• **What you should do**:
Every line of the data below is to be given again as it appears, with the images removed.

• **Material provided**:
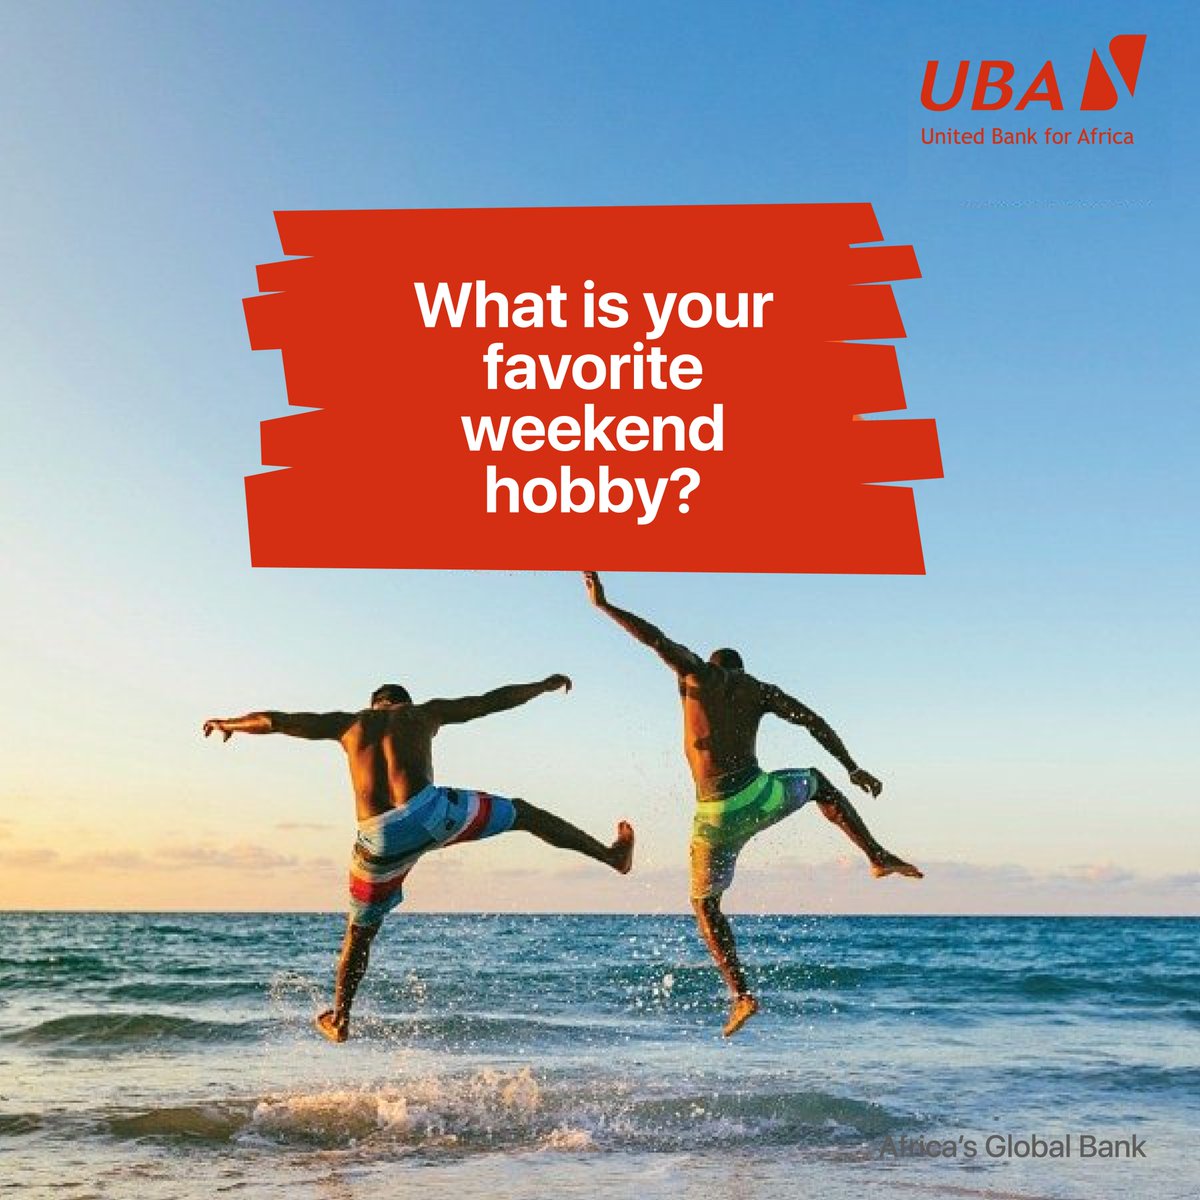 Spending free time doing something productive goes a long way.
What hobbies do you occupy your free time with? 

#InstaHobbies #InstaWeekend
#WeekendVibes #UBAUganda
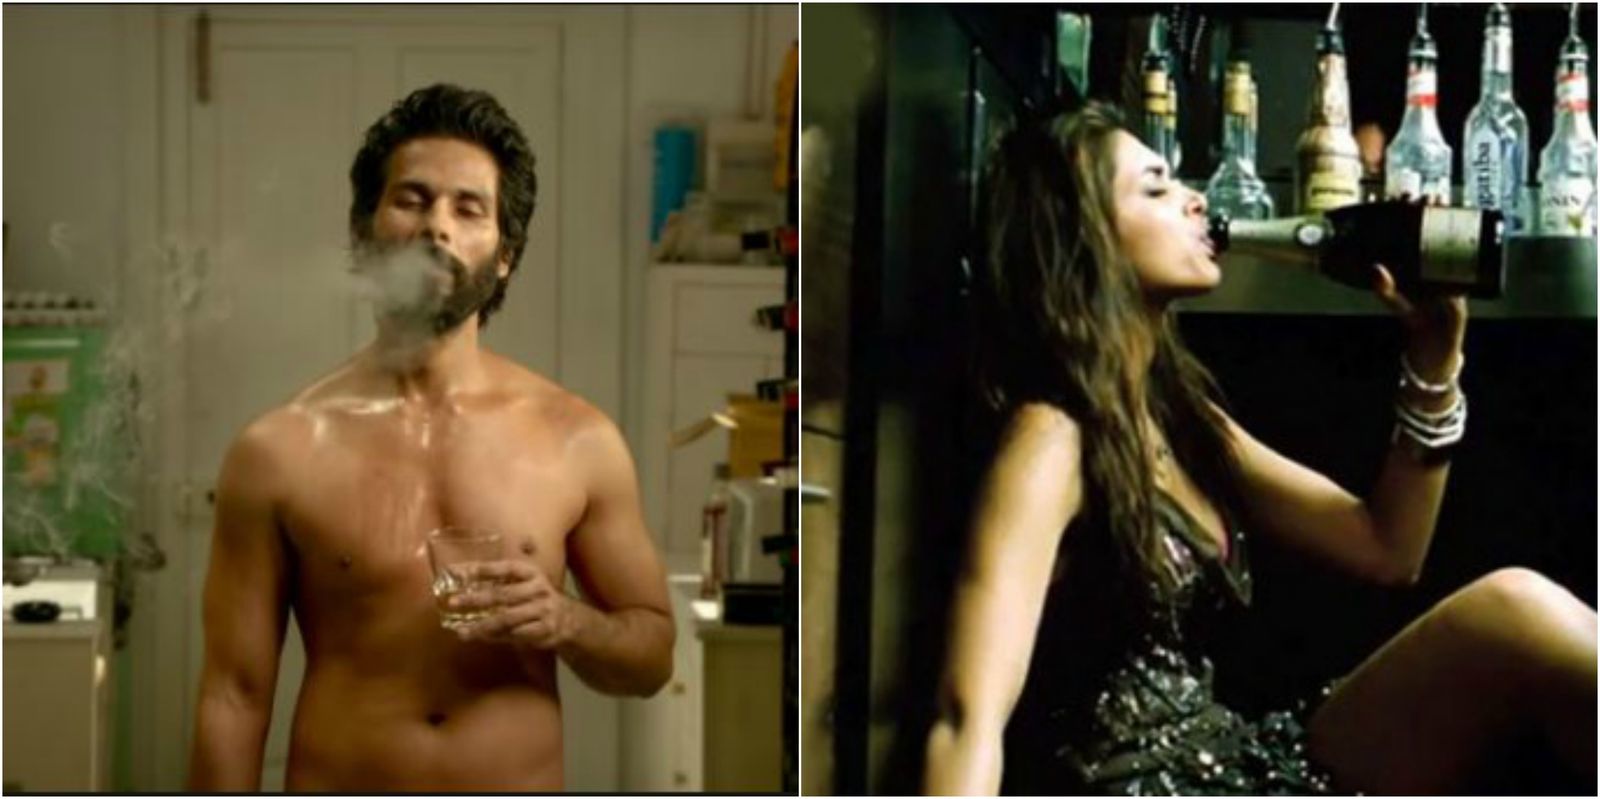 Bollywood Celebs Who Do Not Drink Or Smoke But Played Addicts On Screen Convincingly
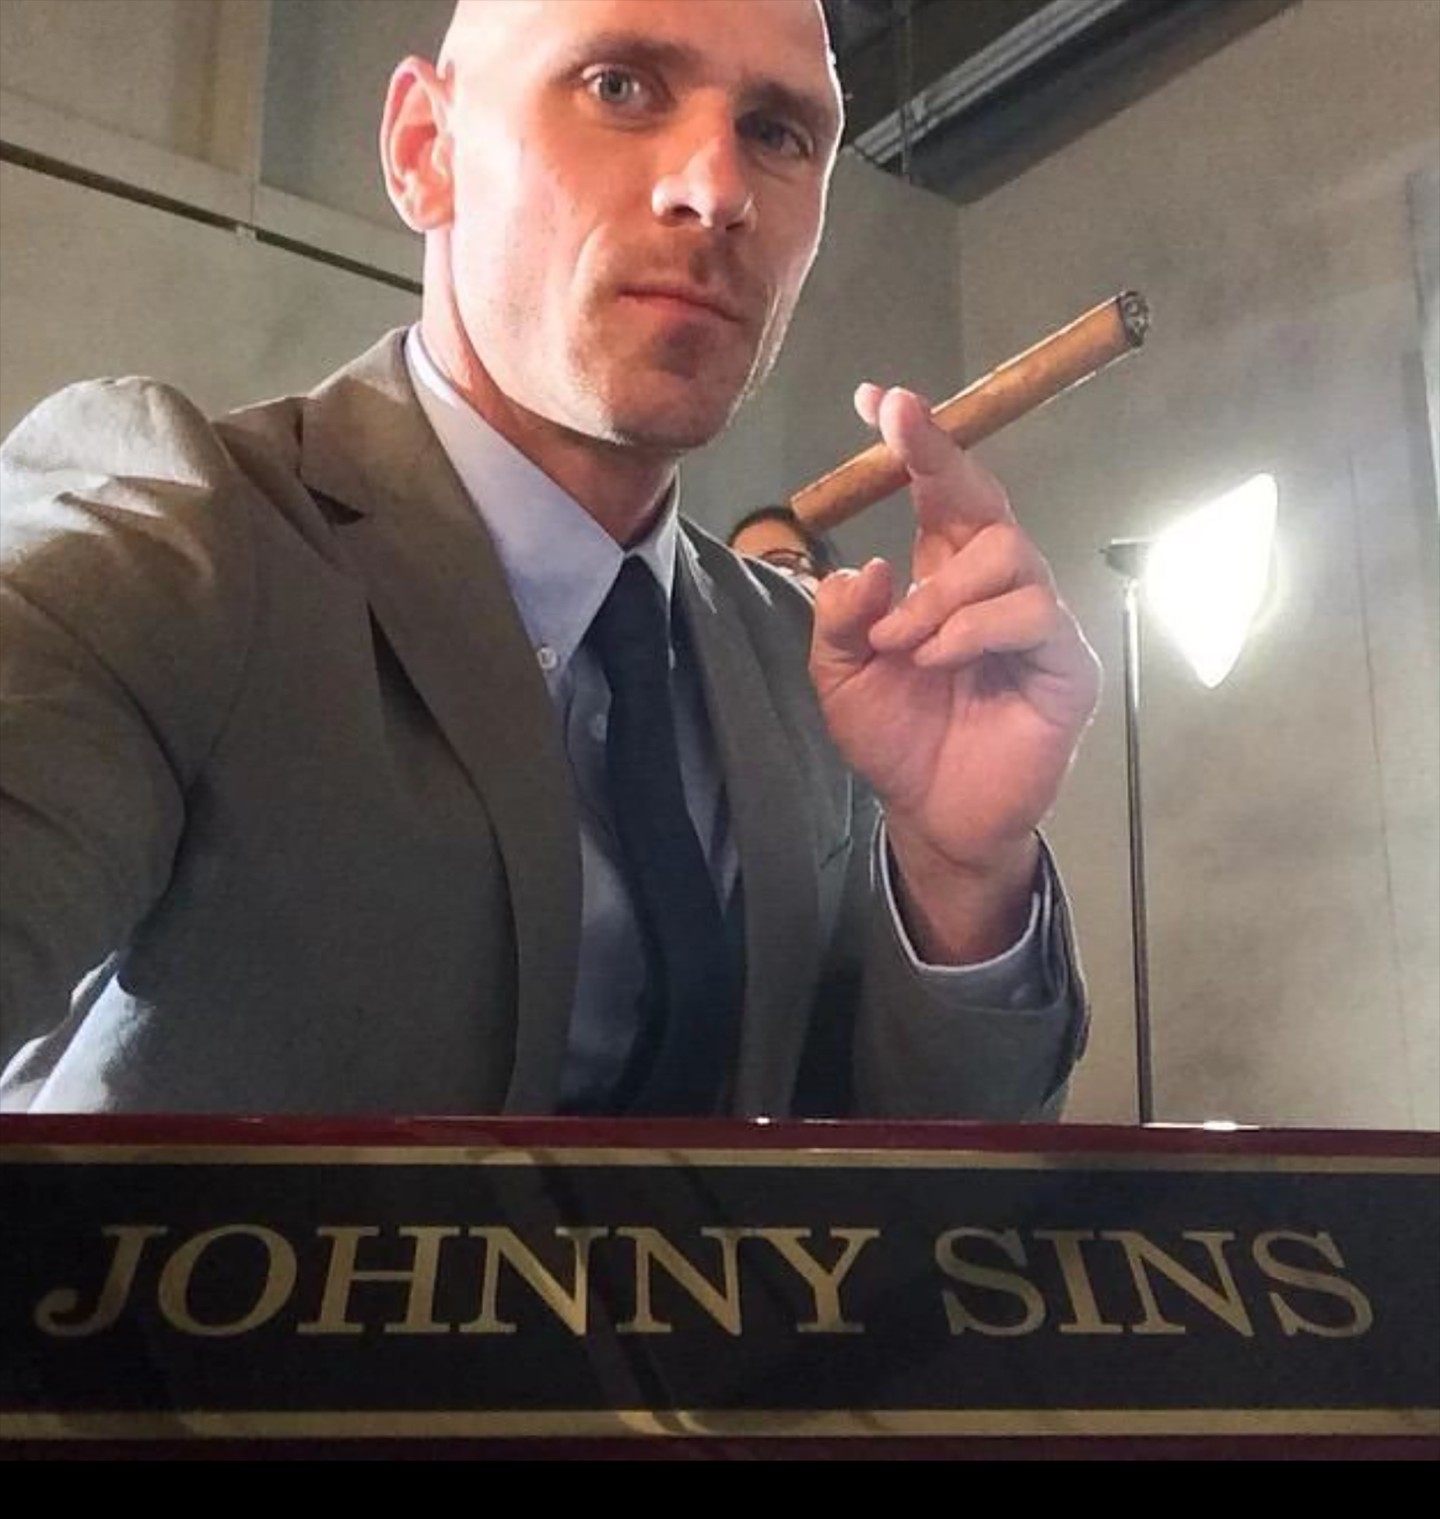 Johnny Sins Force To Fuck Vifeos - An Interview With Johnny Sins: The Most Hardworking Man in The World

• **Answer box**:
 Spending free time doing something productive goes a long way.
What hobbies do you occupy your free time with? 

#InstaHobbies #InstaWeekend
#WeekendVibes #UBAUganda
 Bollywood Celebs Who Do Not Drink Or Smoke But Played Addicts On Screen Convincingly
 Johnny Sins Force To Fuck Vifeos - An Interview With Johnny Sins: The Most Hardworking Man in The World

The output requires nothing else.